It is true the reply of plaintiffs contains matter inconsistent with the allegations of their original petition; but the case was tried below by both parties without objection upon the answer and reply, and the parties will not be permitted to change in this court a theory voluntarily assumed by them in the court below. In Harris v. First Nat. Bank of Bokchito, 21 Okla. 189, 95 P. 781, it was held by this court that "the right of appellant to recover was properly submitted to the jury on his own theory. The jury finding against him on the theory relied upon, he will not be permitted to change front in this court, and claim the right to recover upon some other theory." The plaintiff G. F. Border has been granted the equitable relief prayed for in his reply, and was allowed the full amount he claims was due him under the contract, with the exception of the sum of $200, which the court found was due the defendant as damages for breach of the contract by the plaintiff G. F. Border.
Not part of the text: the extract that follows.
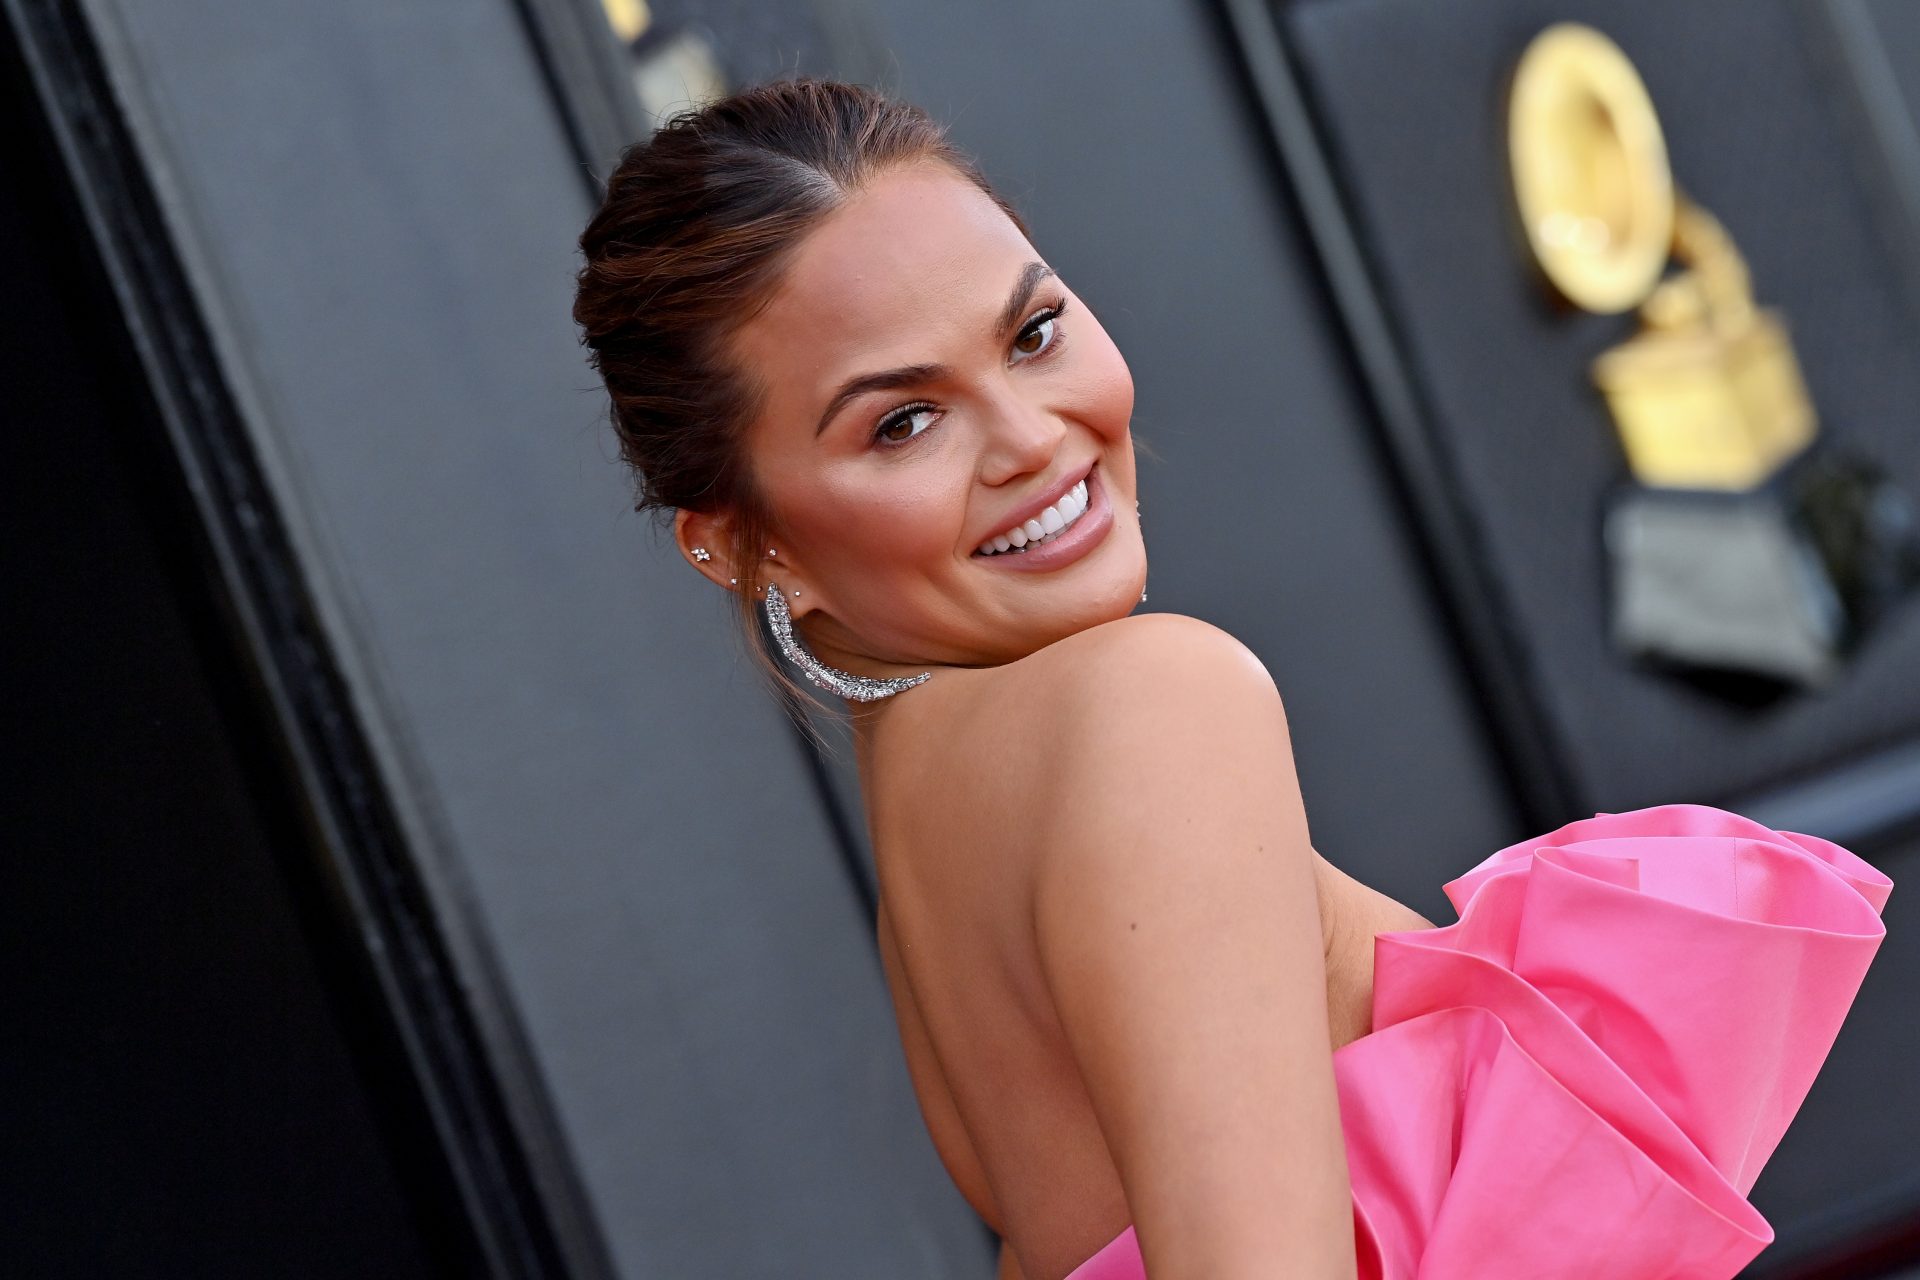 <p>Chrissy Teigen (born in 1985) has made a name for herself not only in modeling but also as a host of popular U.S. TV shows like 'Lip Sync Battle,' 'FABLife,' and 'Chrissy's Court.'</p> <p>Net worth: $100 million</p>
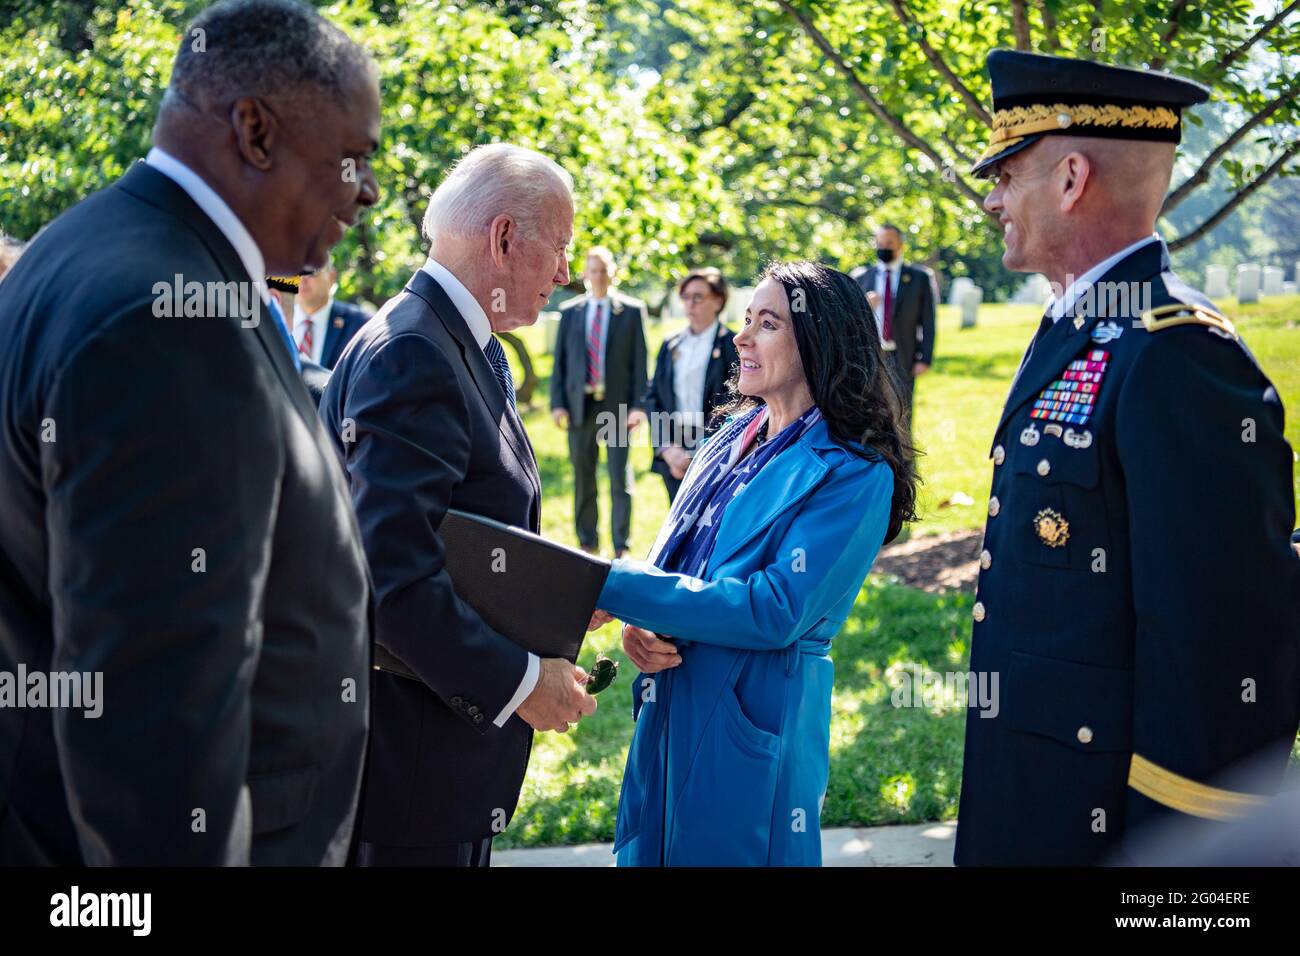 Arlington, United States Of America. 31st May, 2021. U.S President Joe Biden, is welcomed by Karen Durham-Aguilera, center, executive director, Army National Military Cemeteries on his arrival for the National Memorial Day Observance at Arlington National Cemetery May 31, 2021 Arlington, Virginia. U.S. Army Maj. Gen. Omar Jones IV, right, commanding general, Joint Task Force-National Capitol Region and Secretary of Defense Lloyd Austin III left, look on. Credit: Planetpix/Alamy Live News Stock Photo

There is evidence in the record reasonably tending to sustain the judgment of the court on the question of damages, so this court is precluded from disturbing it.
The suit as finally presented to the court below was not an action for the recovery of real estate within the meaning of the statute, and the plaintiffs in error are therefore not entitled to a new trial as a matter of right. We have examined the record and proceedings in the court below upon the theory the case was there presented, and find no reversible error therein on the merits of the case.
The judgment of the court below is affirmed.
All the Justices concur.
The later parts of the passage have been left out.